Since $X \succeq 0$, we must have $X_{i,i} \geq 0$, $i=1, 2, 3, 4$. From the second primal constraint, $X_{1,1}+X_{3,3}=0$, so $X_{1,1}=0$ and $X_{3,3}=0$. From the first primal constraint, $X_{2,2}=X_{4,4} \geq 0$. If $X_{i,i}=0$ and $X$ is positive semidefinite, then $X_{i,j}=X_{j,i}=0$. Thus the feasible solutions to the primal problem are of the form:

$X=\left[ \begin{array}{cccc} 0 & 0 & 0 & 0 \\ 0 & X_{2,2} & 0 & X_{2,4} \\ 0 & 0 & 0 & 0 \\ 0 & X_{4,2} & 0 & X_{4,4} \end{array} \right]$

where $X_{2,2}=X_{4,4}\geq 0$.

Note that all of these primal feasible solutions are singular matrices.

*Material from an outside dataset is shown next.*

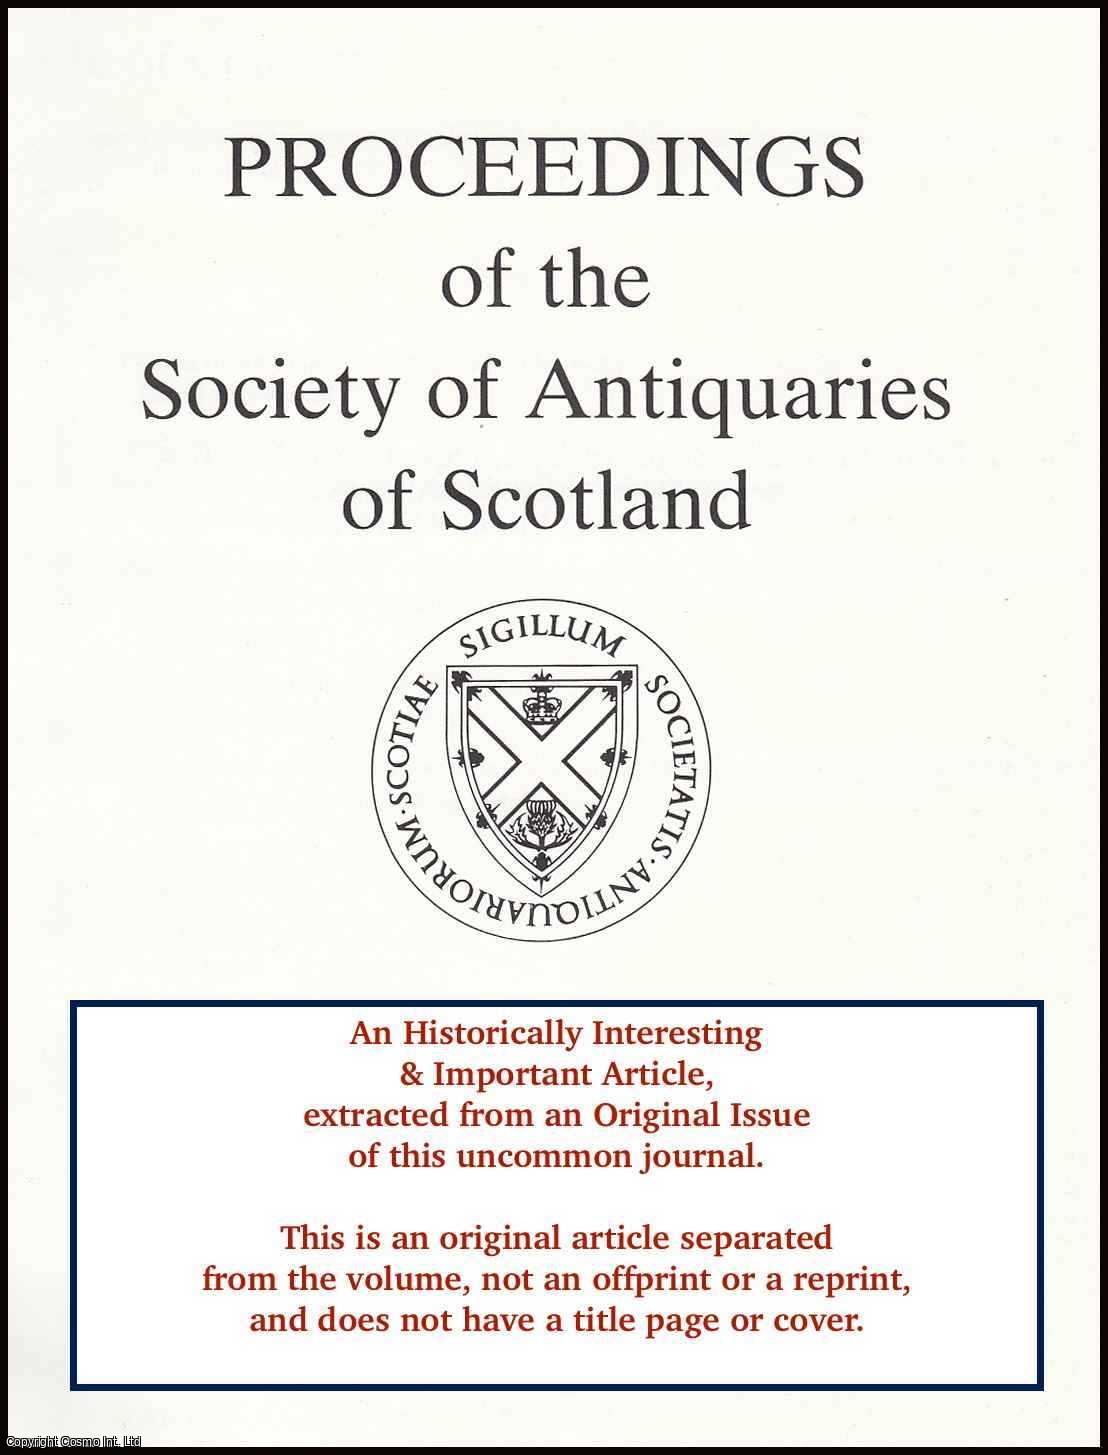 G.J. Barclay, G. S. Maxwell & Coralie Mills - Excavation of a Neolithic Long Mortuary Enclosure Within The Roman Legionary Fortress at Inchtuthil, Perthshire. An original article from the Proceedings of the Society of Antiquaries of Scotland, 1991.

Thus we have no solutions that are strictly feasible with respect to the positive semidefiniteness constraint and Slater's condition is not satisfied.

Because $C$ has $0$ entries in the relevant positions, all solutions of this form have the primal optimal objective function value of $0$.

Next, consider the dual constraints

$y_{1}A_{1}+y_{2}A_{2}+Z=C$

$Z \succeq 0$.

Since the (1,2) and (2,1) entries in $A_{1}$ and $A_{2}$ are 0, we must have $Z_{1,2}=Z_{2,1}=1$. Since $Z$ is positive semidefinite, we must have $Z_{1,1} > 0$ and $Z_{2,2}>0$ (in fact, $Z_{1,1}Z_{2,2} \geq 1$.) Note that these are strict inequalities! From the (2,2) position in the dual constraints, we have $y_{1}+Z_{2,2}=C_{2,2}=0$. Thus $y_{1}<0$.

From the (4,4) position in the dual constraint, we have $-y_{1}+Z_{4,4}=C_{4,4}=0$. However, since $Z$ is positive semidefinite we must also have $Z_{4,4} \geq 0$. We can't simultaneously have $-y_{1}>0$ and $Z_{4,4} \geq 0$ and $-y_{1}+Z_{4,4}=0$. Thus the dual problem is infeasible.